Probabilistic and Semantic Descriptions of Image Manifolds and Their Applications

This paper begins with a description of methods for estimating probability density functions for images that reflects the observation that such data is usually constrained to lie in restricted regions of the high-dimensional image space - not every pattern of pixels is an image. It is common to say that images lie on a lower-dimensional manifold in the high-dimensional space. However, although images may lie on such lower-dimensional manifolds, it is not the case that all points on the manifold have an equal probability of being images. Images are unevenly distributed on the manifold, and our task is to devise ways to model this distribution as a probability distribution. In pursuing this goal, we consider generative models that are popular in AI and computer vision community. For our purposes, generative/probabilistic models should have the properties of 1) sample generation: it should be possible to sample from this distribution according to the modelled density function, and 2) probability computation: given a previously unseen sample from the dataset of interest, one should be able to compute the probability of the sample, at least up to a normalising constant.
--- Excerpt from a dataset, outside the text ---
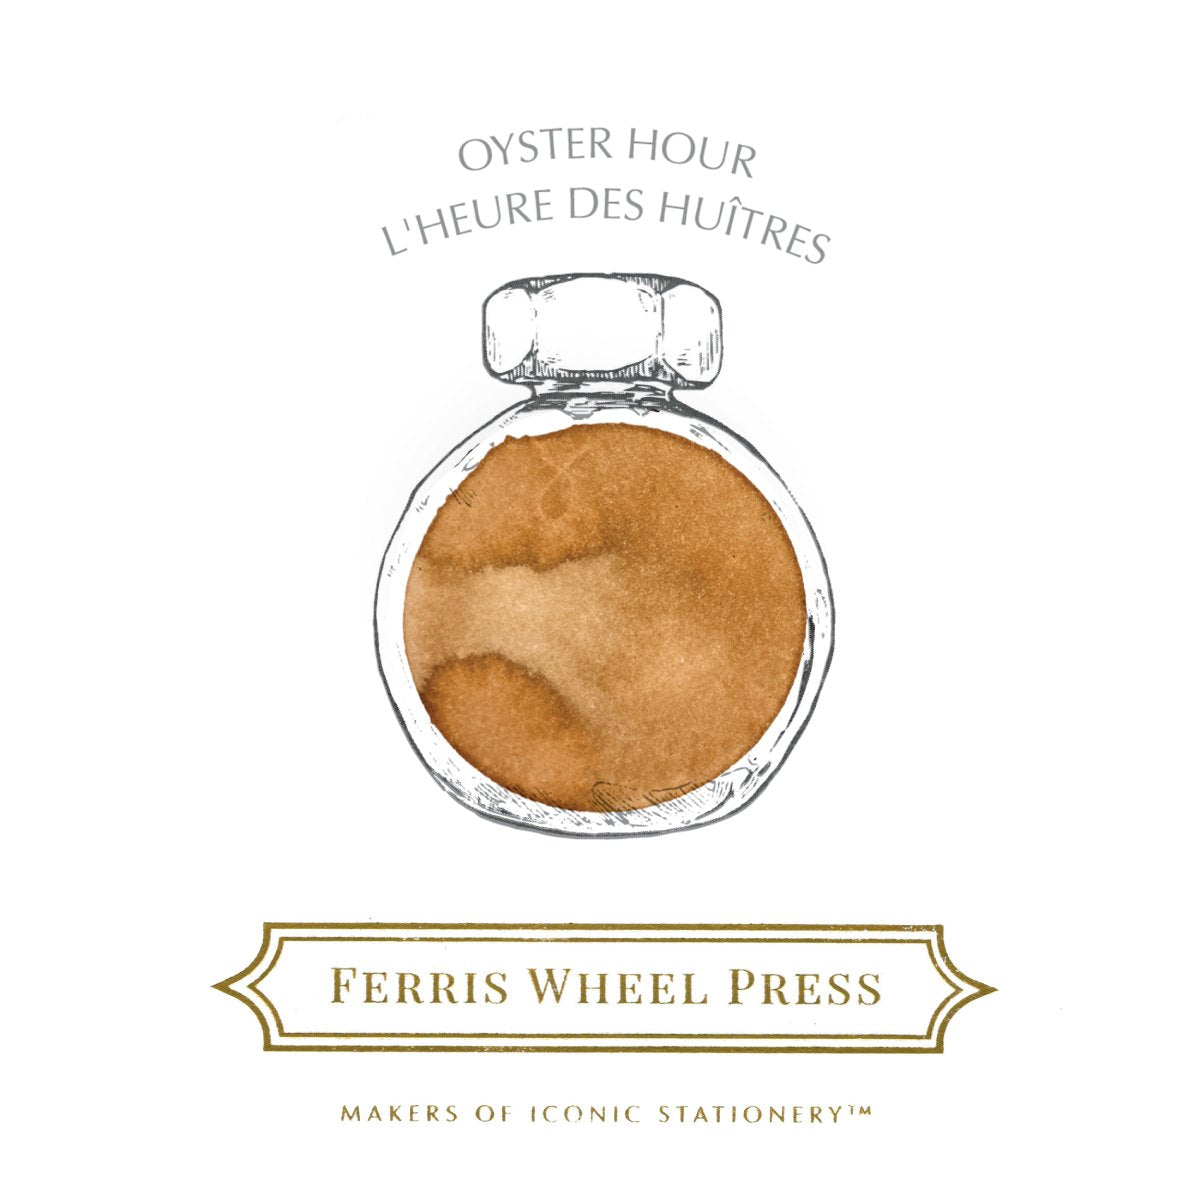 Ferris Wheel Press - Oyster Hour, 38 ml

To this end, we investigate the use of methods such as normalising flow and diffusion models. We then show that such probabilistic descriptions can be used to construct defences against adversarial attacks. In addition to describing the manifold in terms of density, we also consider how semantic interpretations can be used to describe points on the manifold. To this end, we consider an emergent language framework which makes use of variational encoders to produce a disentangled representation of points that reside on a given manifold. Trajectories between points on a manifold can then be described in terms of evolving semantic descriptions.

翻译：本文首先描述了估计图像概率密度函数的方法，该方法反映了观测结果：此类数据通常被约束在高维图像空间的有限区域内——并非所有像素模式都能构成图像。通常认为图像位于高维空间中的低维流形上。然而，尽管图像可能分布在这些低维流形上，但流形上所有点具有相同图像概率的情况并不成立。图像在流形上的分布是不均匀的，我们的任务是设计方法将这种分布建模为概率分布。为实现这一目标，我们考虑了人工智能与计算机视觉领域流行的生成模型。就本文目的而言，生成/概率模型应具备以下特性：1）样本生成：应能根据建模的密度函数从该分布中进行采样；2）概率计算：对于给定数据集中未见过的新样本，至少应能在标准化常数范围内计算其概率。为此，我们研究了归一化流和扩散模型等方法的适用性。进而证明此类概率描述可用于构建对抗攻击防御机制。除了从密度角度描述流形，我们还探讨了如何利用语义解释来描述流形上的点。为此，我们采用基于变分编码器的涌现语言框架，该框架能产生给定流形上点的解耦表示。由此，流形上点之间的轨迹可通过不断演化的语义描述来表征。